• _Exercise directions_: Print exactly the lines below between the line containing "Производственный календарь выходные" and the line containing "USA: Anna May", counting both of those lines. Leave pictures out.

#### Data ####

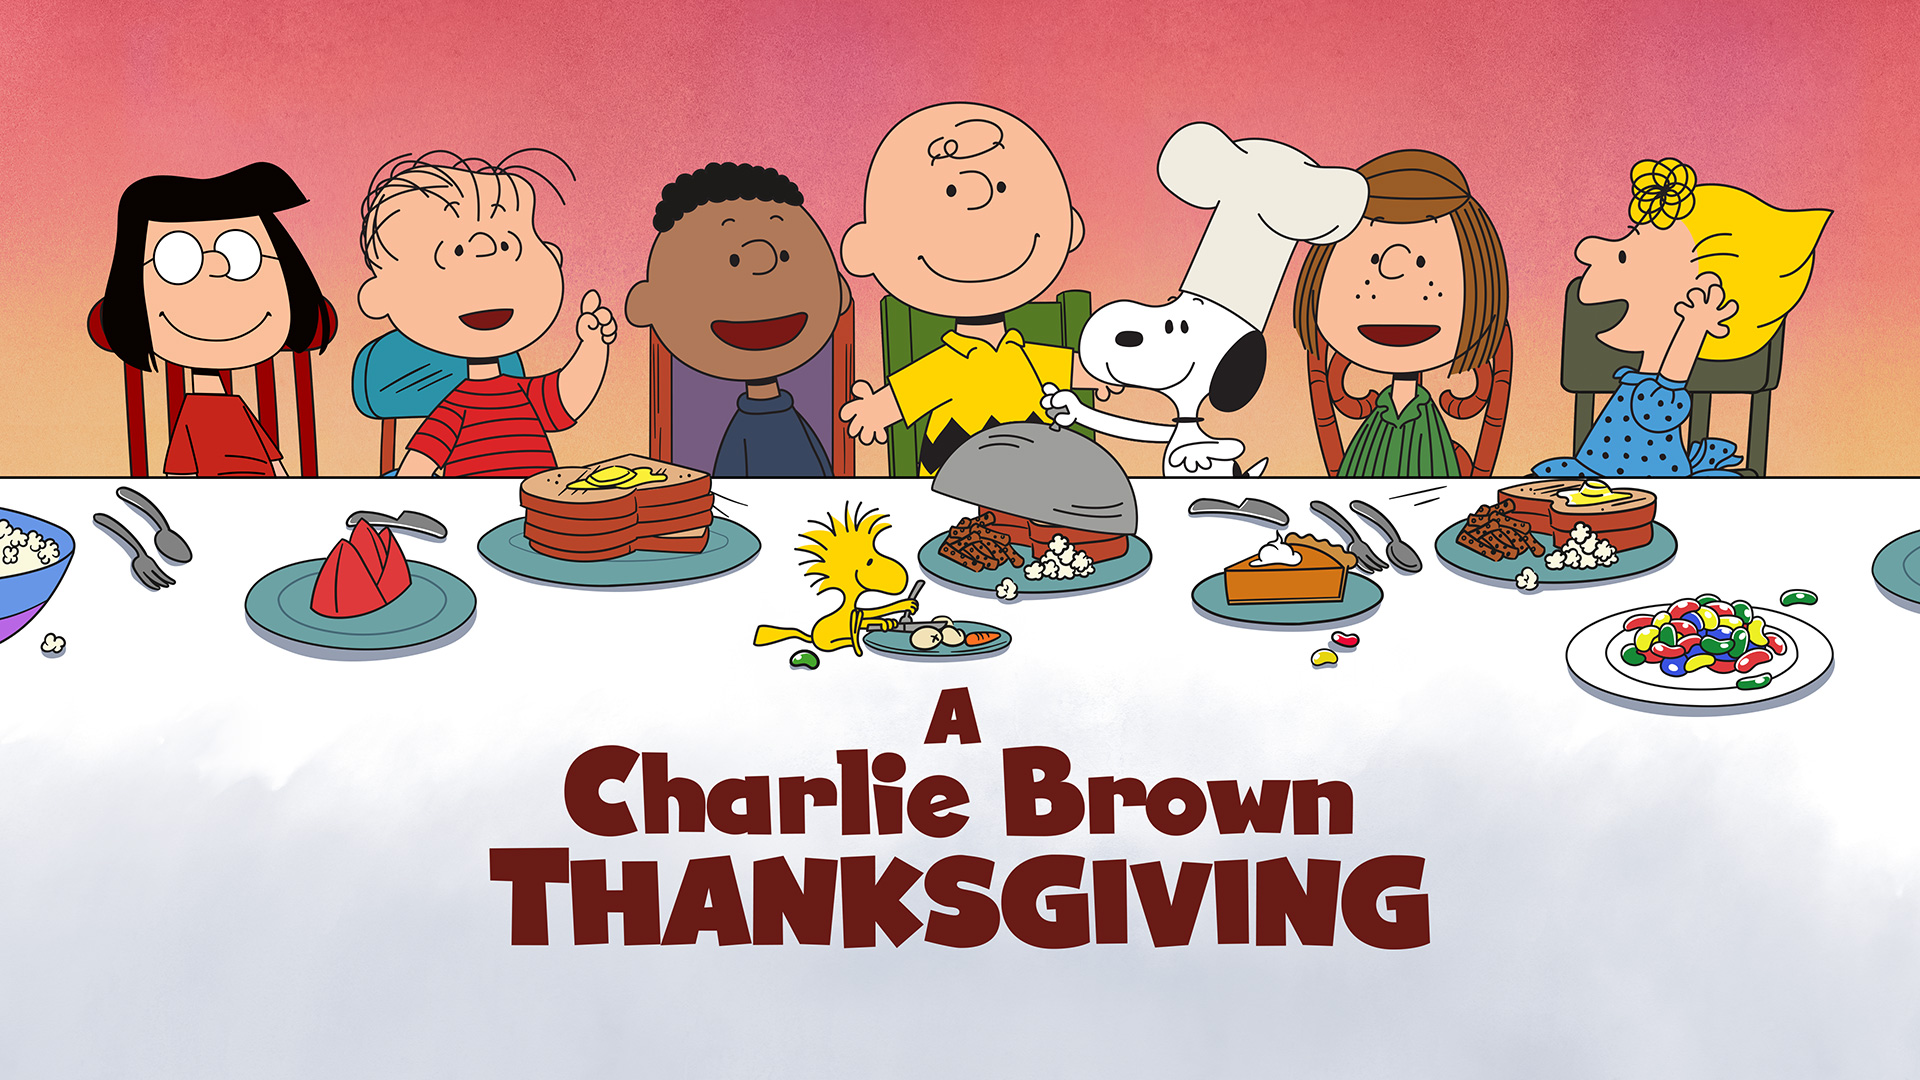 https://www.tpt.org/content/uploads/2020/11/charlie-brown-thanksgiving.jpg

####
#### Data ####

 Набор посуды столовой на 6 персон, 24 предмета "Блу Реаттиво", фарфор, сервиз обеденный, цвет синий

####
#### Data ####

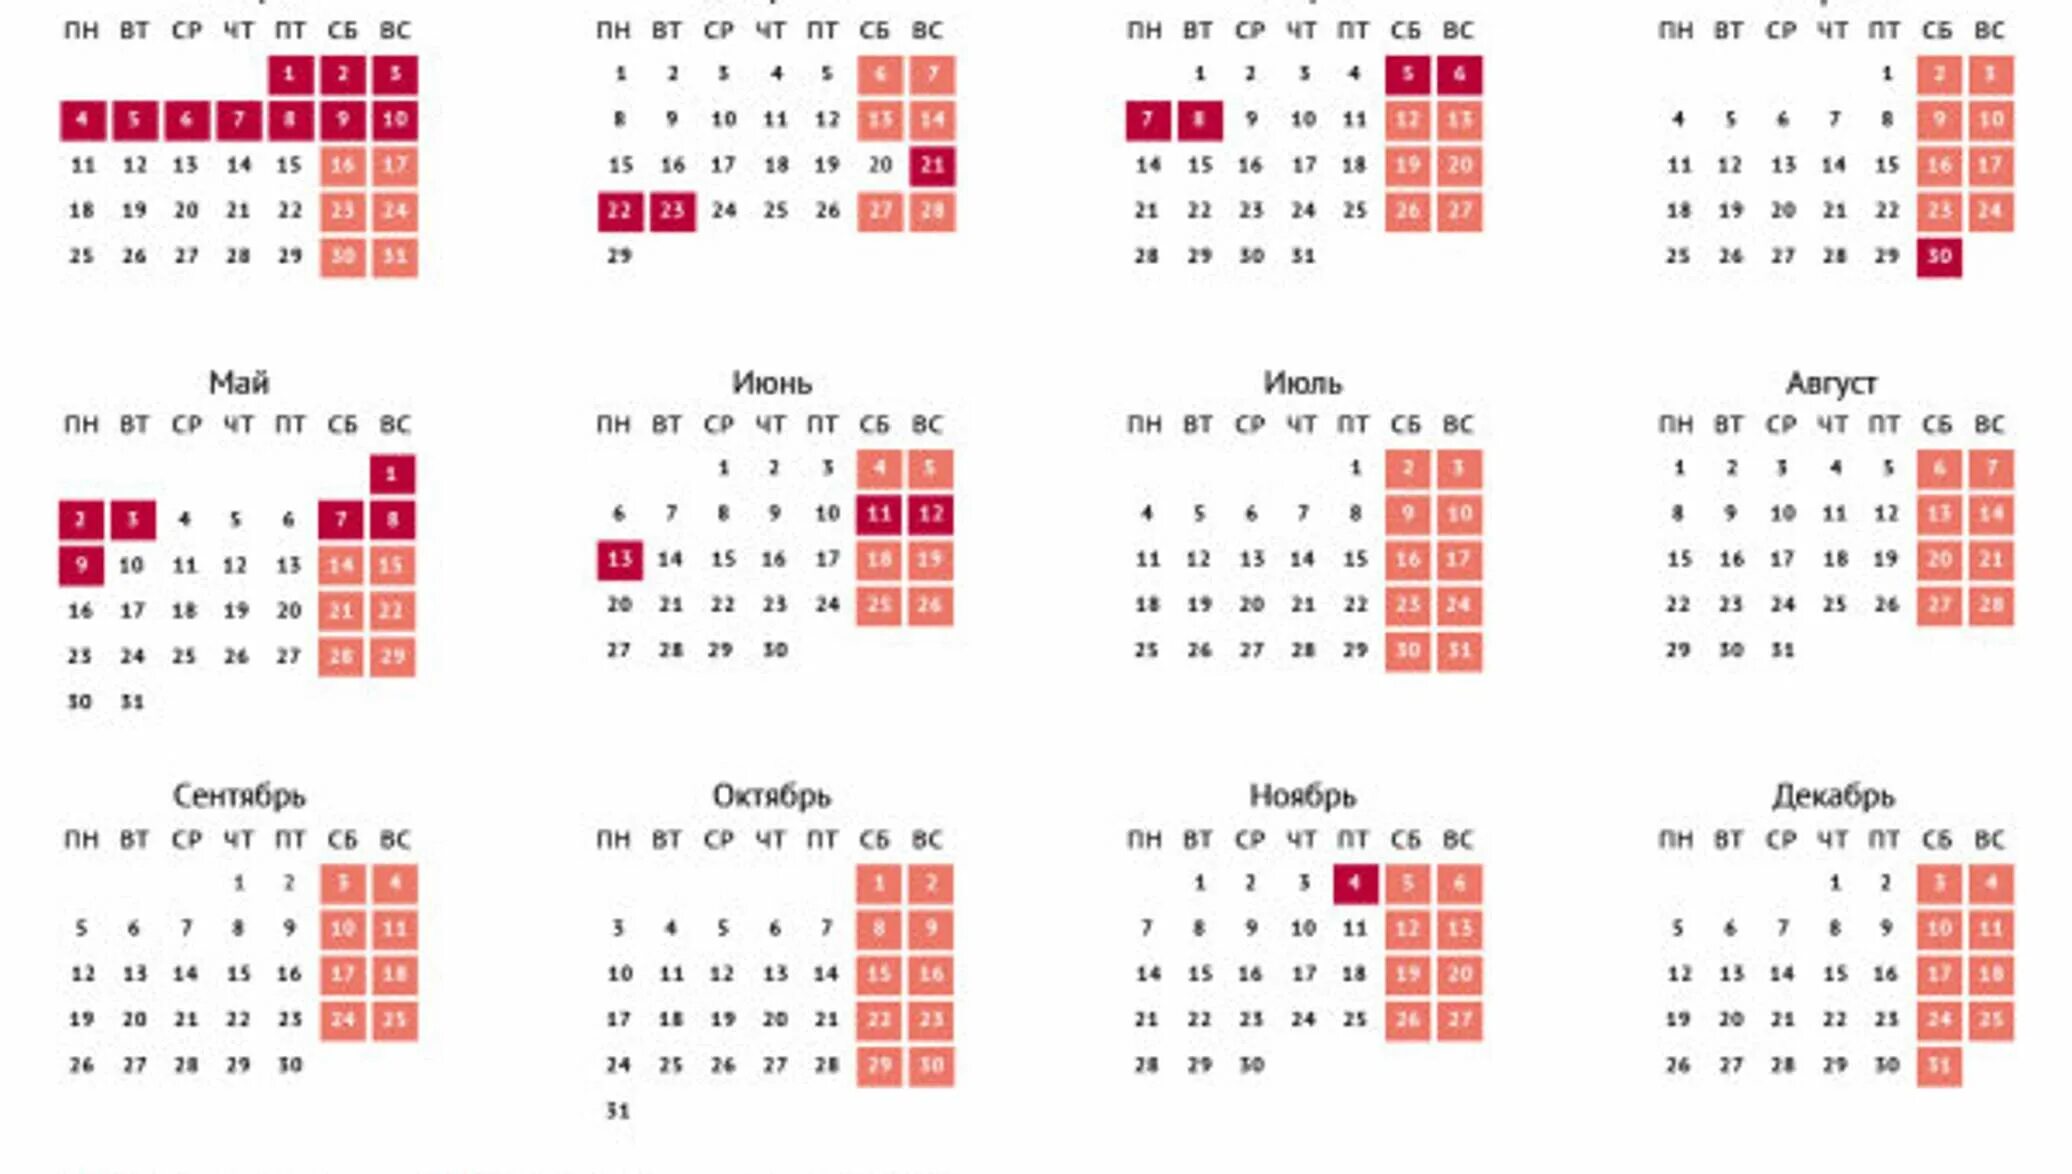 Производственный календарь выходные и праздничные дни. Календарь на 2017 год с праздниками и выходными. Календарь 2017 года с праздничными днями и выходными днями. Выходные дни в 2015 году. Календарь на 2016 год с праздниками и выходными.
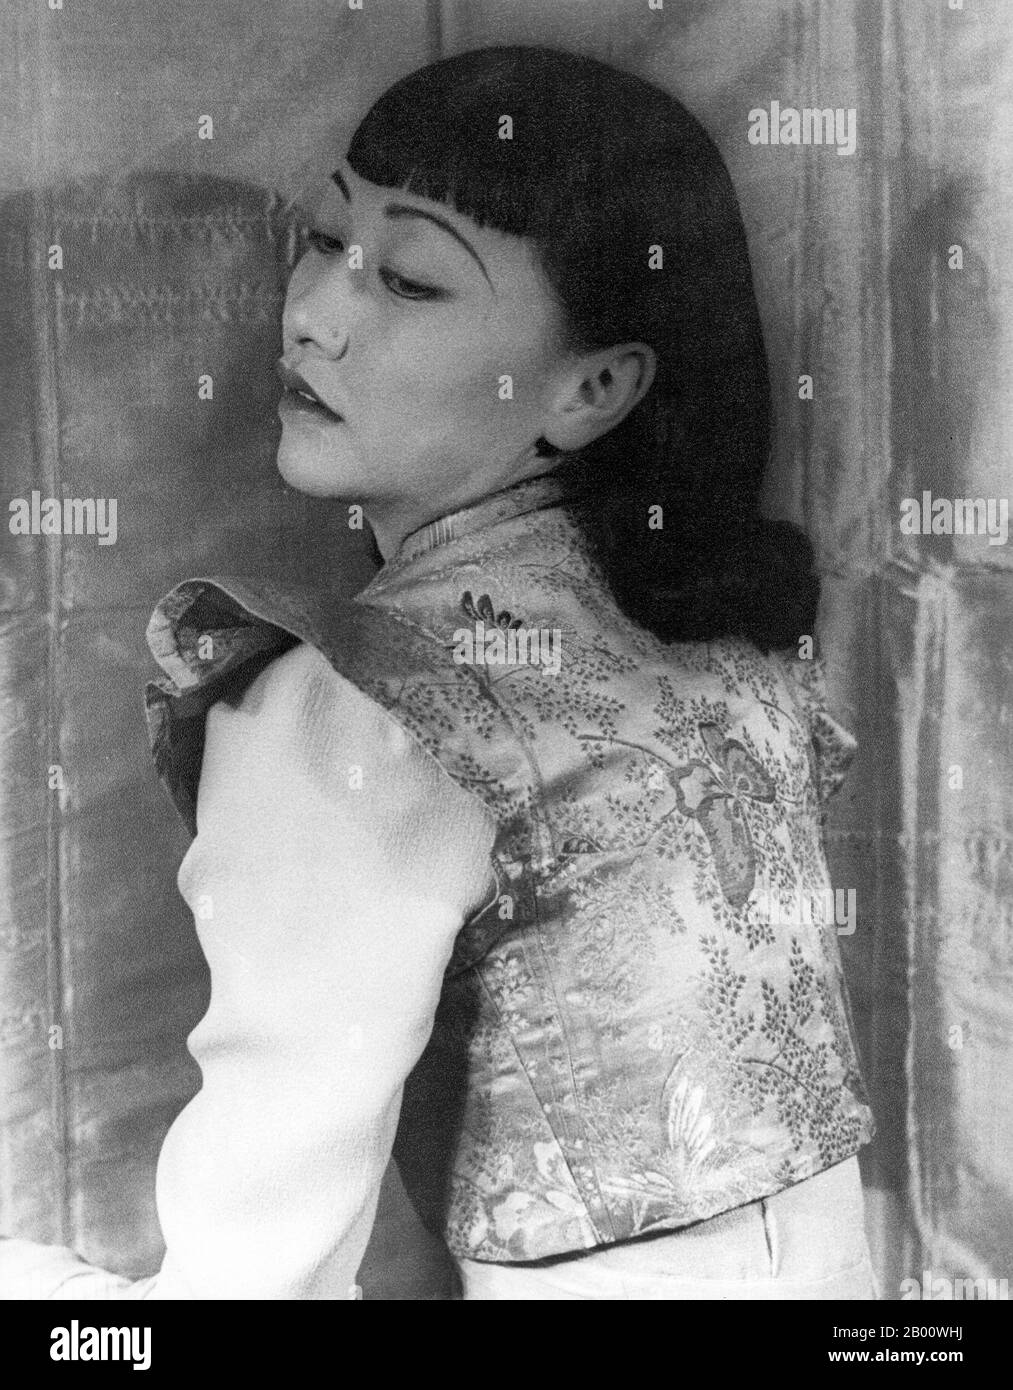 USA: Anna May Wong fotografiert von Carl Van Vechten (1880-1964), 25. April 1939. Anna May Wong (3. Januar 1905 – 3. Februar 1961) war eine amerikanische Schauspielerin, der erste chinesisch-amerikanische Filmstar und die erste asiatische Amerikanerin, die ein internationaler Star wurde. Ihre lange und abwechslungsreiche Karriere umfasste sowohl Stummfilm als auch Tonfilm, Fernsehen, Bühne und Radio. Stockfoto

####

• _Solved problem_:
 Производственный календарь выходные и праздничные дни. Календарь на 2017 год с праздниками и выходными. Календарь 2017 года с праздничными днями и выходными днями. Выходные дни в 2015 году. Календарь на 2016 год с праздниками и выходными.
 USA: Anna May Wong fotografiert von Carl Van Vechten (1880-1964), 25. April 1939. Anna May Wong (3. Januar 1905 – 3. Februar 1961) war eine amerikanische Schauspielerin, der erste chinesisch-amerikanische Filmstar und die erste asiatische Amerikanerin, die ein internationaler Star wurde. Ihre lange und abwechslungsreiche Karriere umfasste sowohl Stummfilm als auch Tonfilm, Fernsehen, Bühne und Radio. Stockfoto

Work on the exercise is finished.